Los investigadores y los fiscales están alarmados ante la cantidad de menores que estuvieron involucrados en ocho homicidios en 2007. Por estos crímenes fueron imputados 16 menores, de los cuales tres son mujeres, dos de ellas aún se encuentran detenidas.
Actualmente, en el Instituto Roca, uno de los establecimientos donde se alojan menores en conflicto con la ley, están registrados 58 adolescentes, de los cuales 37 no pueden salir. Los 21 restantes gozan de permisos especiales para salir o se encuentran en otras instituciones donde, especialmente, se recuperan de sus adicciones. De este importante número, 13 nunca serán juzgados, puesto que cometieron los delitos cuando tenían menos de 16 años, es decir que son inimputables.

Máxima peligrosidad
Fuentes policiales confirmaron que se cuentan al menos 40 menores considerados de máxima peligrosidad, puesto que se especializan en asaltos a remiseros a motociclistas y a mujeres mayores de edad. Menos de la mitad de ellos se encuentran privados de su libertad.
También establecieron que las zonas  donde actúan estos sospechosos son los barrios Juan XXIII, conocido como “La Bombilla”, Trulalá, El Sifón, La Chimenea -donde fue asesinado Juan Agripino Flores- Villa 9 de Julio, Alejandro Heredia, Villa Piolín y El Triángulo, entre otros sectores.

Los más conocidos
“Cheito”.- Fue acusado de haber cometido varios asaltos, pero su nombre cobró notoriedad al ser uno de los principales sospechosos del crimen de Lucas Agüero Quiroz. Le dieron permiso para instalarse en La Rioja, pero volvió a la provincia y fue detenido nuevamente después de haber cometido varios atracos. Está alojado en el Instituto Roca.
    
“Bebo”.- A pesar de tener sólo 15 años, fue imputado en al menos 10 causas de robo agravado. Es el principal acusado del crimen de Juan Agripino Flores. Está aprehendido.

“Jesusito”.- Es uno de los asaltantes más peligrosos de la provincia. Desde hace años que genera pánico entre sus víctimas por su agresividad. Se especializa en atracar comercios y taxistas. Se encuentra privado de su libertad.

“Juanqui”.- Sorprendió a investigadores y a empleados judiciales cuando confirmó que el disparó una pistola 11.25 para acabar con la vida de José Mascareño en lo que se supone fue una guerra entre dos bandas.

“El eze”.- Peligroso asaltante que se enfrentó en más de una vez con la Policía. En un tiroteo fue herido gravemente y logró recuperarse. Se escapó del Centro de Salud y durante meses cometió delitos con una bolsa de colectomía a cuestas. Volvieron a aprehenderlo y actualmente está recluido en el Roca. Su padre, un reconocido asaltante que está cumpliendo pena en Jujuy, a través de una carta, le pidió al juez de Menores Raúl Ruiz que no lo deje en libertad ante el temor de que lo maten.

“Jefecito”.- Según la Policía, es uno de los nuevos pesos pesados del mundo del hampa.
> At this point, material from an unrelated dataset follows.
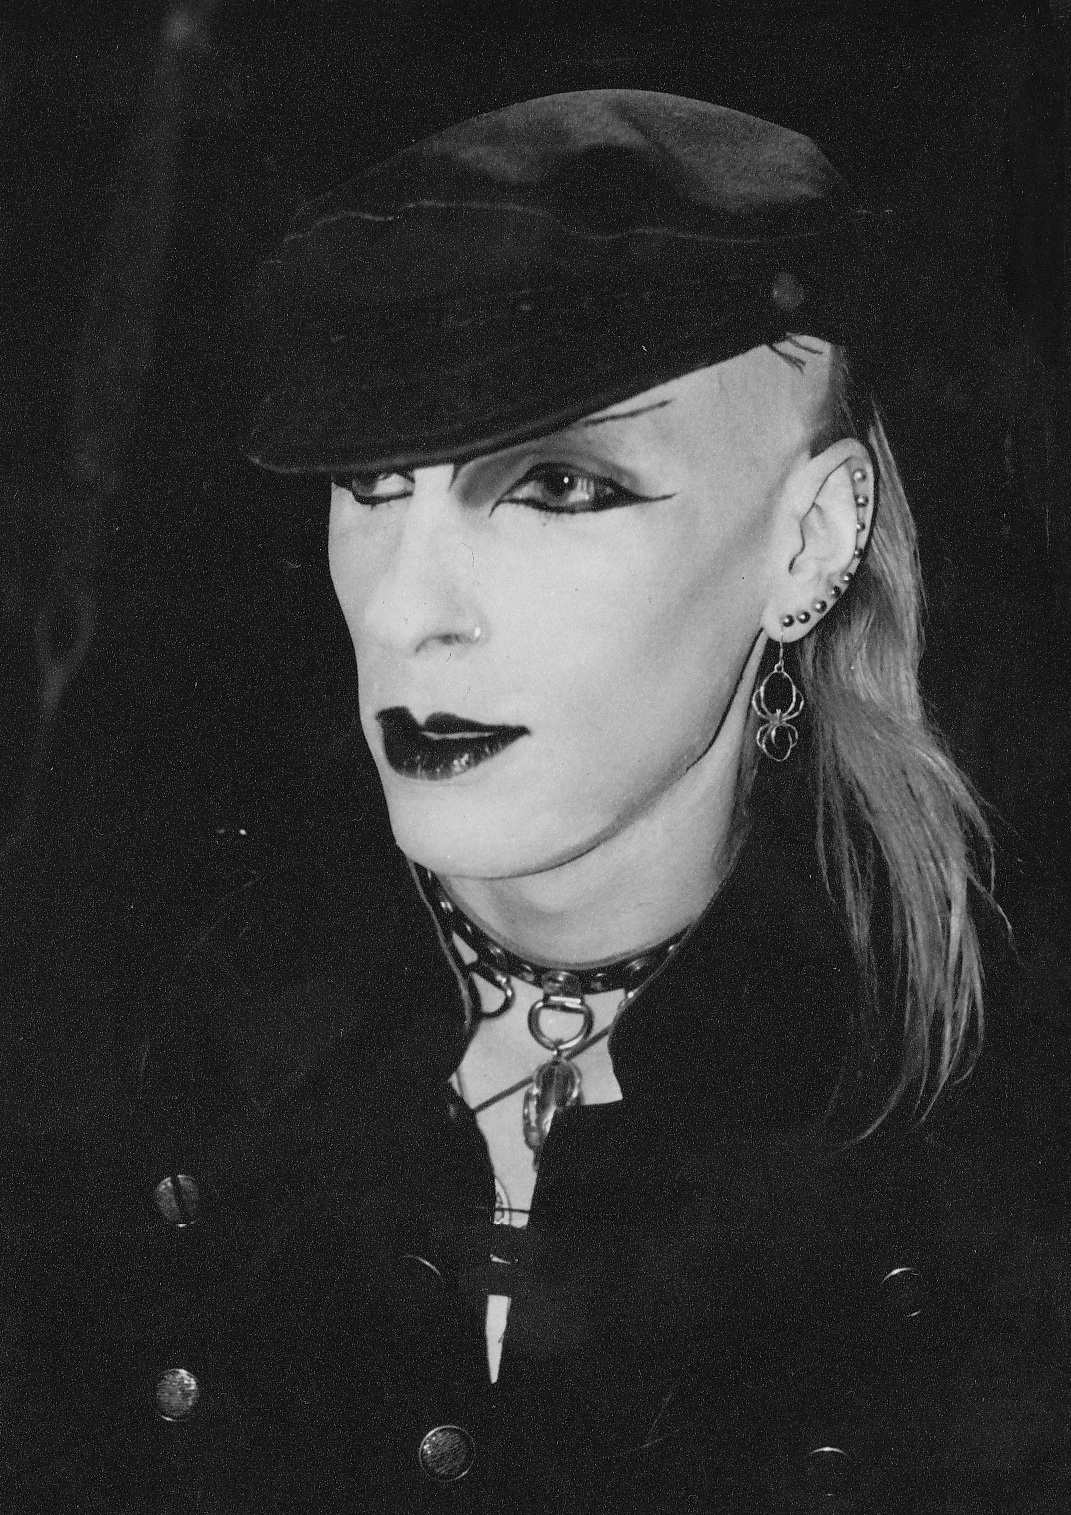 woman with makeup wearing a black hat and stud earrings

Se especializa en cometer asaltos. Se hizo famoso porque en durante una discusión hirió de un balazo a “Ignacito”, otro adolescente que es considerado de sumamente peligroso por la Policía. Está en libertad, pero debe cumplir varias medidas tutelares.

“Plumita”.- A pesar de que se encuentra detenido en el penal de Villa Urquiza, el menor es considerado uno de los asaltantes más peligrosos de la provincia. Cuando era menor de edad, fue acusado de los crímenes de Carlos Soria y de Teresa Irene Villar de Zumaeta, a quienes mataron para robarle la motocicleta en la que ella circulaba.

“Huevo”.- Generó terror durante varios años en distintos barrios de la ciudad, especialmente en los marginales que están a la vera del río Salí y en el parque 9 de Julio. También estuvo acusado de participar en el crimen de Villar de Zumaeta. Fue asesinado por una mujer el 1 de enero de 2006.

El santiagueñito”.- Es oriundo de la vecina provincia. Es denunciado permanentemente por los vecinos de Villa Amalia por los asaltos que comete en la zona de La Chimenea. Es amigo de los menores que están detenidos por el crimen del changarín Flores.

 “Monito”.- Durante años generó terror en la zona de “La Bombilla” hasta que fue detenido por el crimen de Agüero Quiroz. Ingresó a un plan de rehabilitación de las adicciones en un hogar alejado del ambiente donde delinquió. Es considerado un ejemplo de recuperación.